Acting Secretary McAleenan at the CISA Cyber Summit

Release Date: September 19, 2019

Thank you, Director Krebs, for the kind introduction, and thank you for your leadership of our nation’s newest government agency, the Cybersecurity and Infrastructure Security Agency. The expertise and years of experience that you bring to the table, and the way you work with partners and stakeholders in and out of government, make you a tremendous asset to the agency and the Department of Homeland Security mission. Also, thank you to Secretary Esper for joining the Summit this afternoon, having our two Departments closely aligned in this effort is essential. We appreciate the Secretary’s and General Paul Nakasone’s leadership and commitment to our nation’s diverse and essential cyber missions.

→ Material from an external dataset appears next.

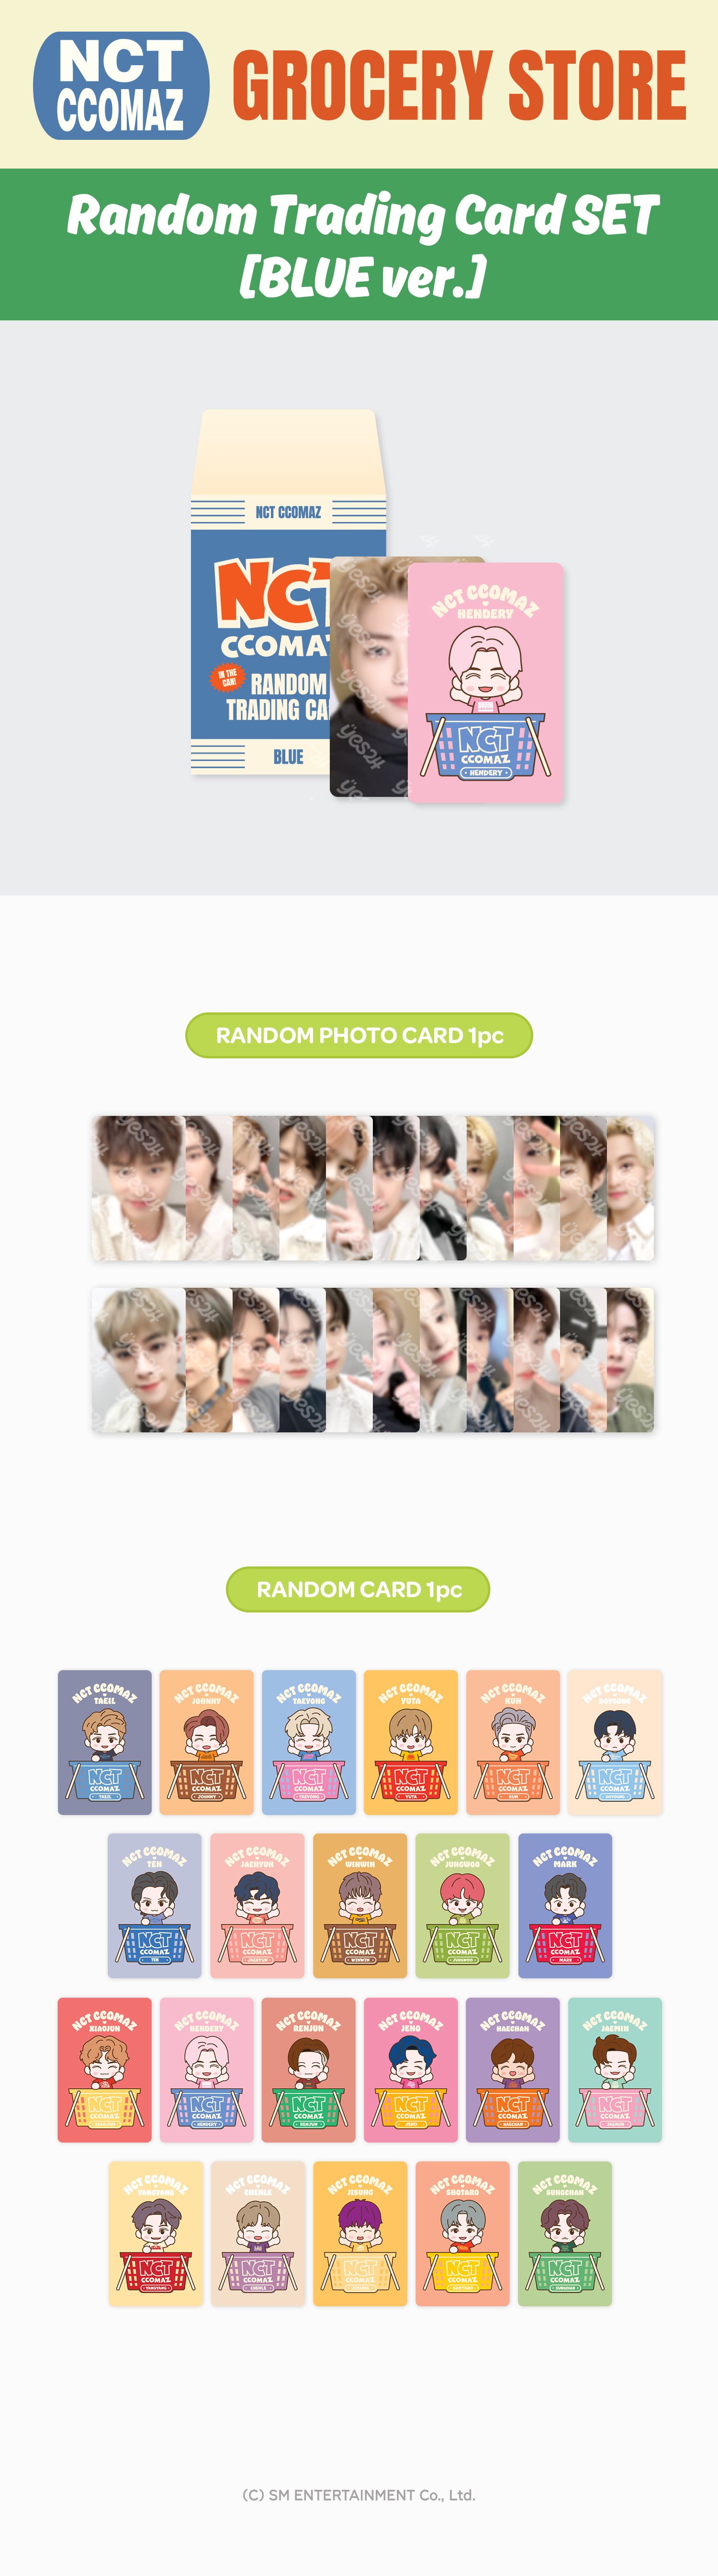 NCT CCOMAZ GROCERY STORE 2ND OFFICIAL MD - RANDOM TRADING CARD SET (BLUE  VER.)

I am excited to join you at the end of Day 2 for CISA’s 2nd Annual National Cybersecurity Summit among our partners in the interagency, industry, and private sector. I am fortunate to have made it here via Laredo, San Diego, and New York since Tuesday, but I thought it would be important to join this group to talk about DHS and the Administration’s cybersecurity efforts.

I’d like to thank all of you in the audience, watching the live-stream, and of course – CISA and DHS professionals – for the work you do to protect our country and its critical infrastructure. Threats to the homeland and our national security are persistent and pervasive. As our world becomes increasingly networked, it has acute impacts on homeland security—resulting in a landscape where a siloed sector and asset-specific approach is insufficient to defend against the threats we face.

Nation-state adversaries work to identify and exploit technological points of leverage for maximum injury to American critical infrastructure. Bad actors are using cyber as a means to disrupt and sow discord in our democratic institutions, even going so far as to incite violence in our nation’s disaffected against their fellow Americans. And across industries and asset sectors, cyber attacks for financial gain are ever more common, requiring that we practice cyber hygiene at every level.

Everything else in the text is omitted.